◆ **PROBLEM DETAILS**: Write out the lines below once more, exactly as they appear. Do not include pictures.
** Opening RECORDED DATA block **
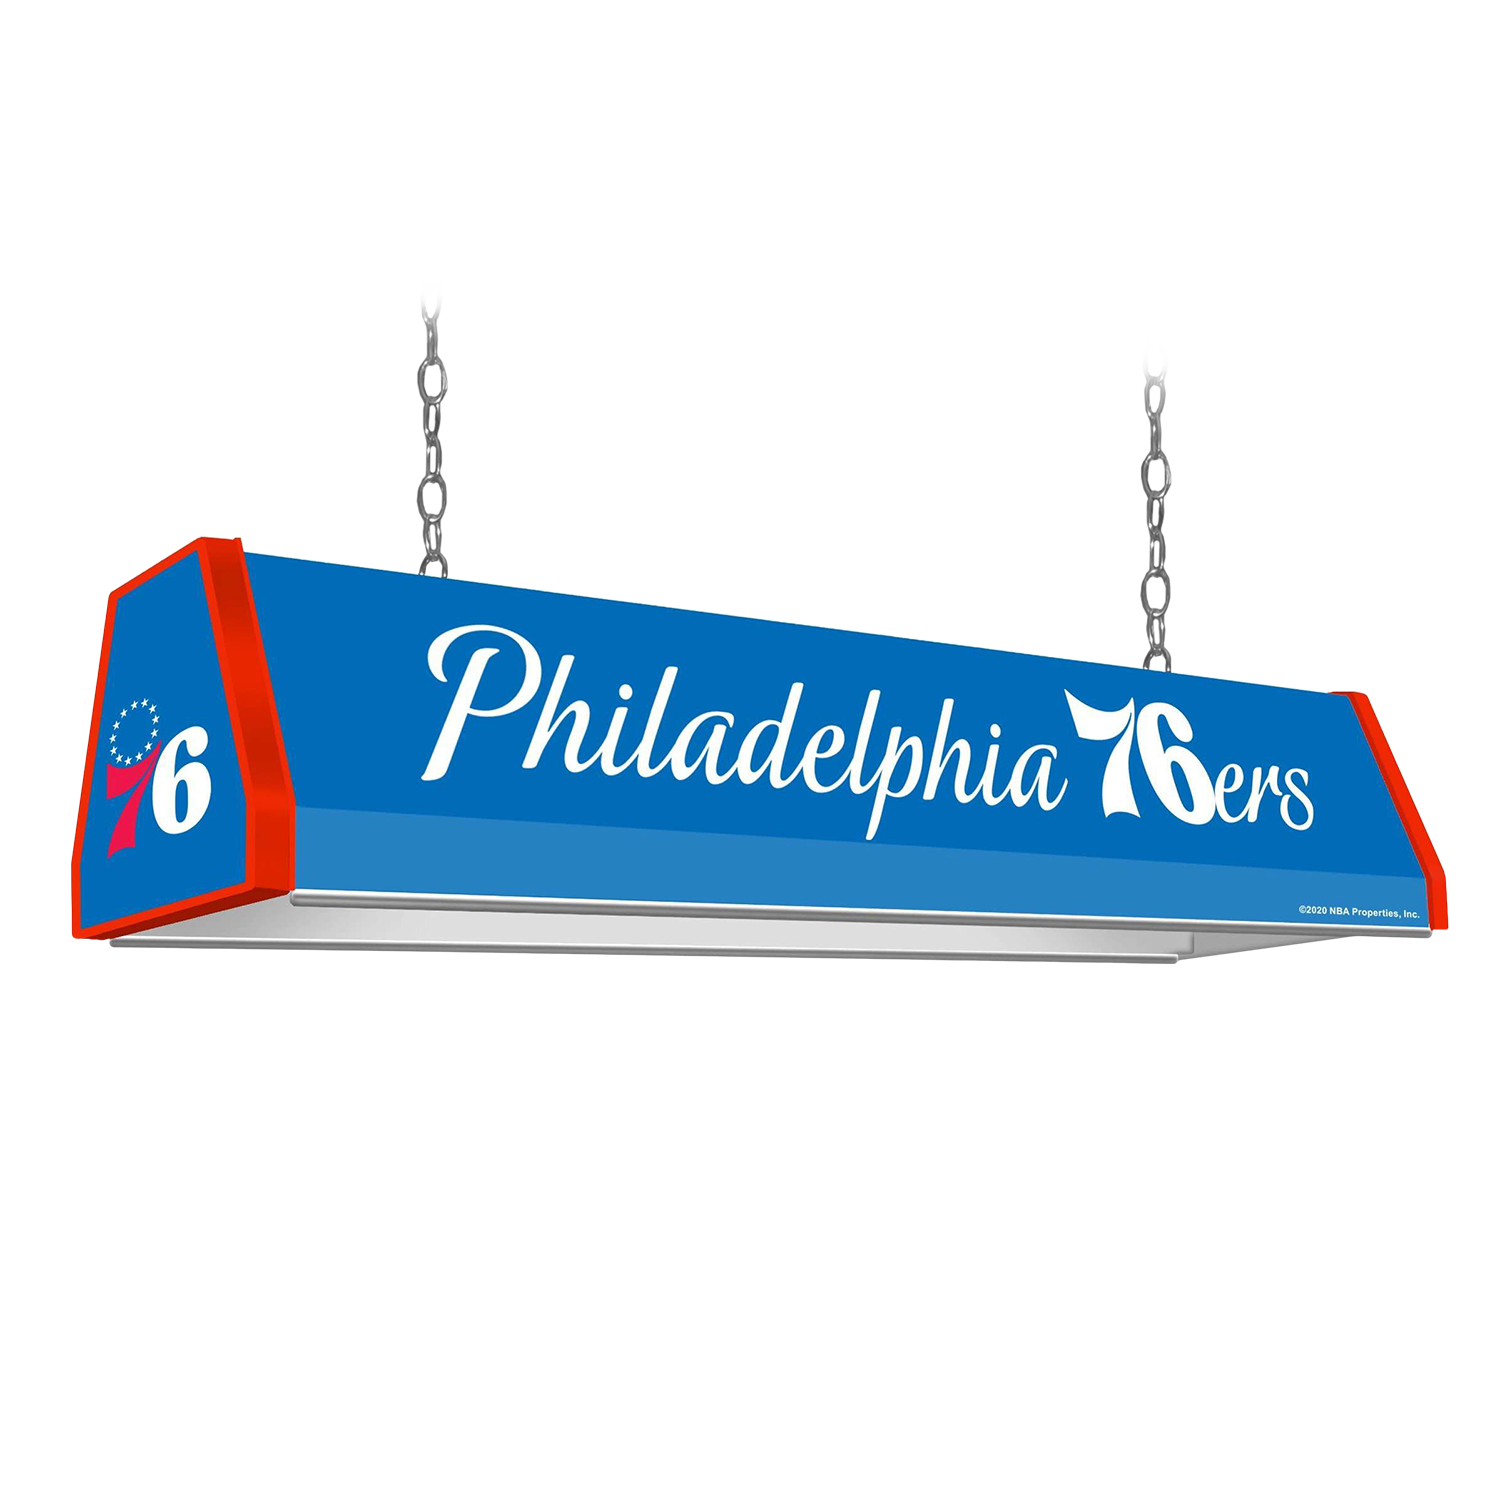 Philadelphia 76ers: Standard Pool Table Light - The Fan-Brand
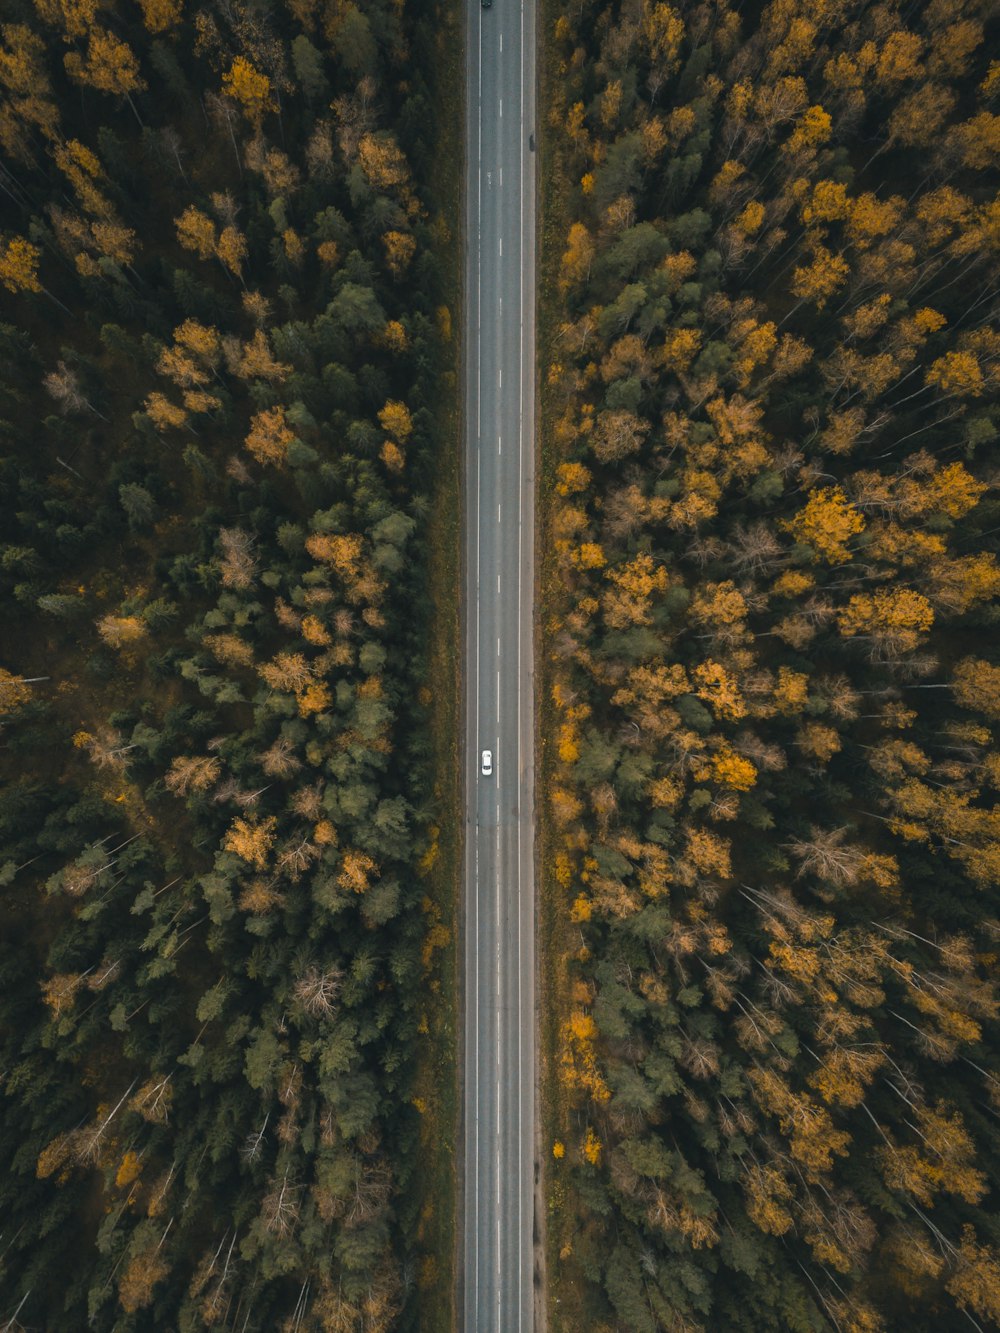 vehicle traveling on road between trees
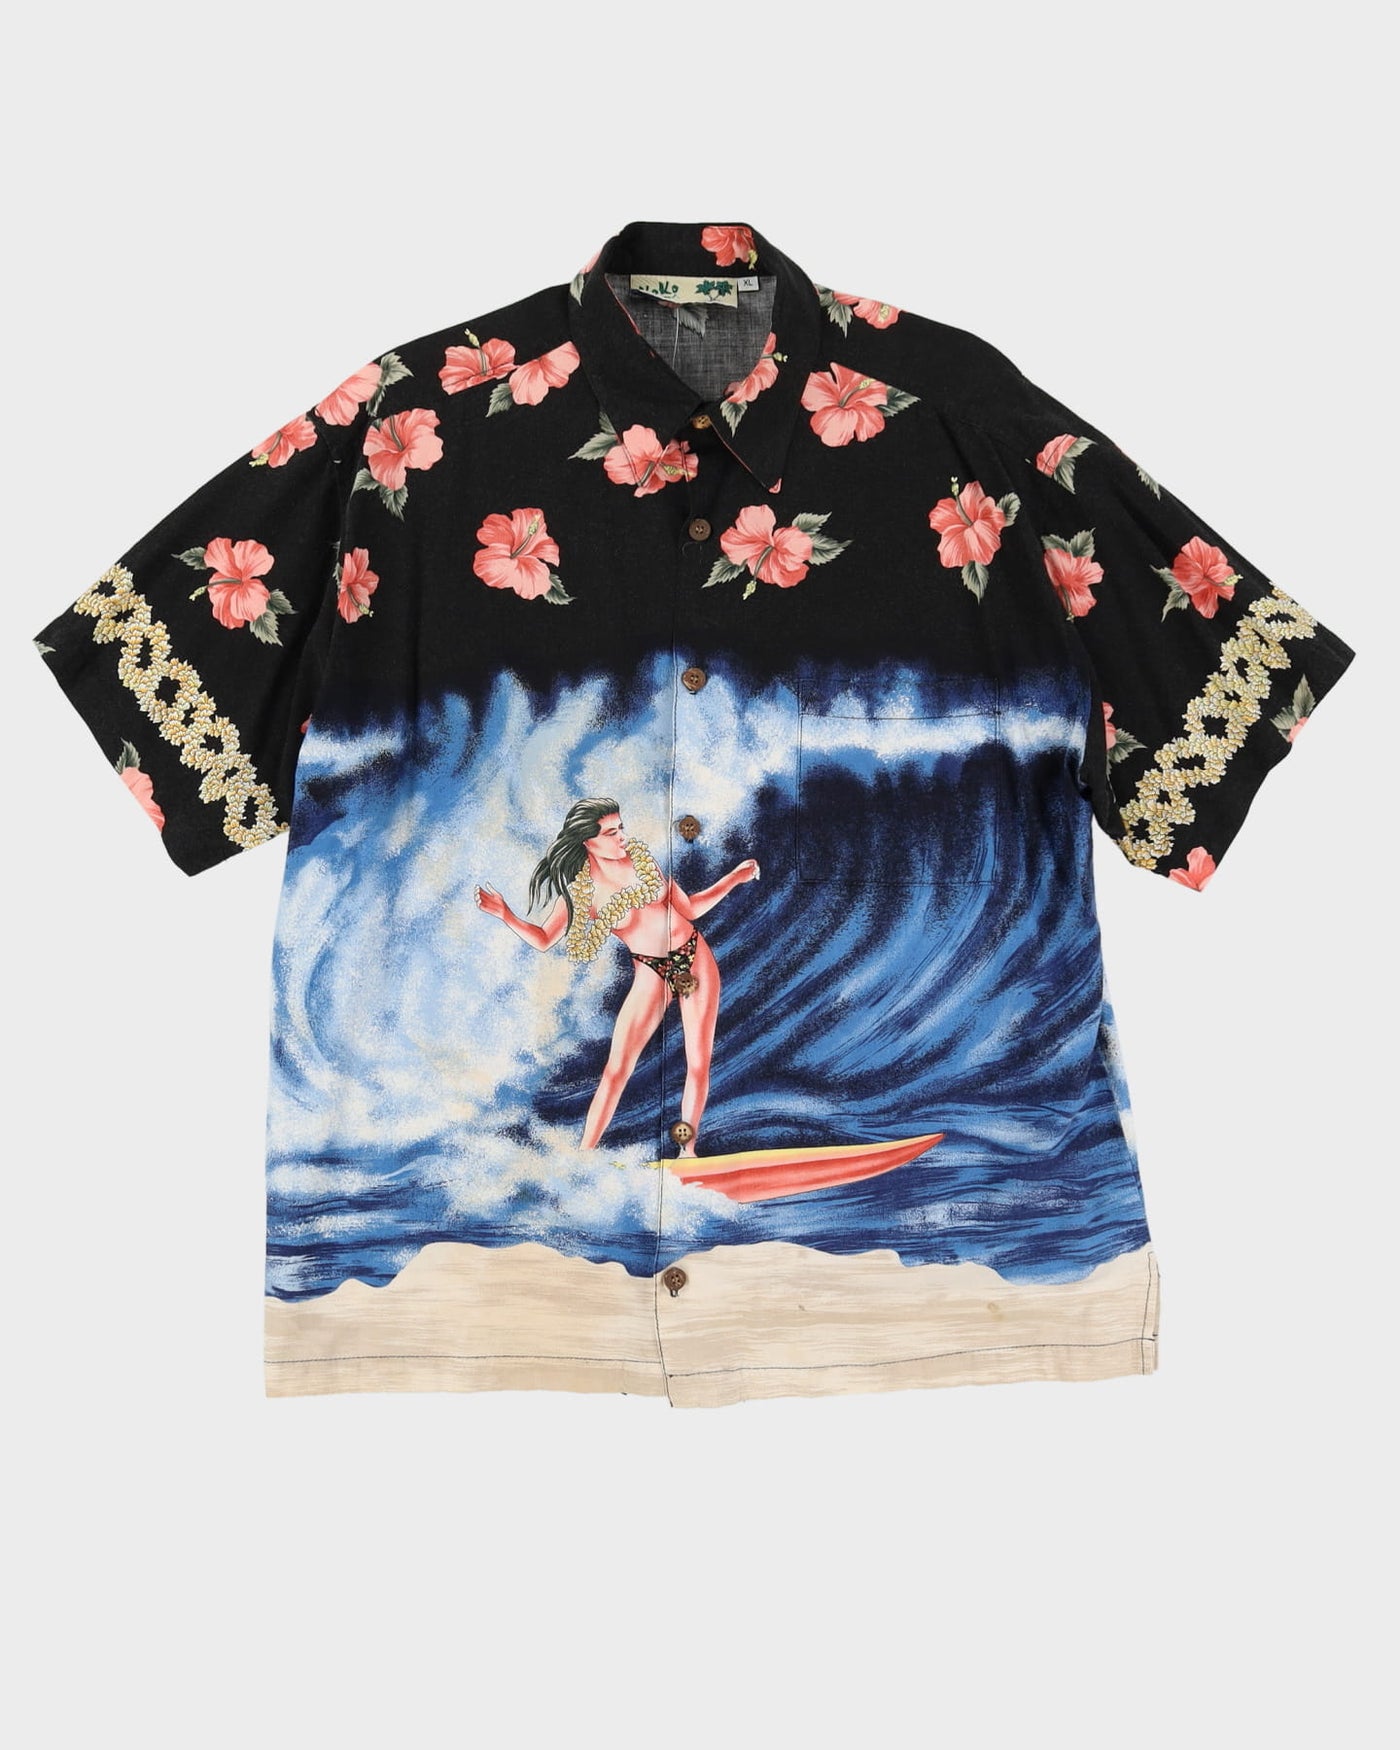 1990s Patterned Cotton Hawaiian Style Shirt - XL
** Closing RECORDED DATA block **
◆ **EXERCISE ANSWER**:
 Philadelphia 76ers: Standard Pool Table Light - The Fan-Brand
 vehicle traveling on road between trees
 1990s Patterned Cotton Hawaiian Style Shirt - XL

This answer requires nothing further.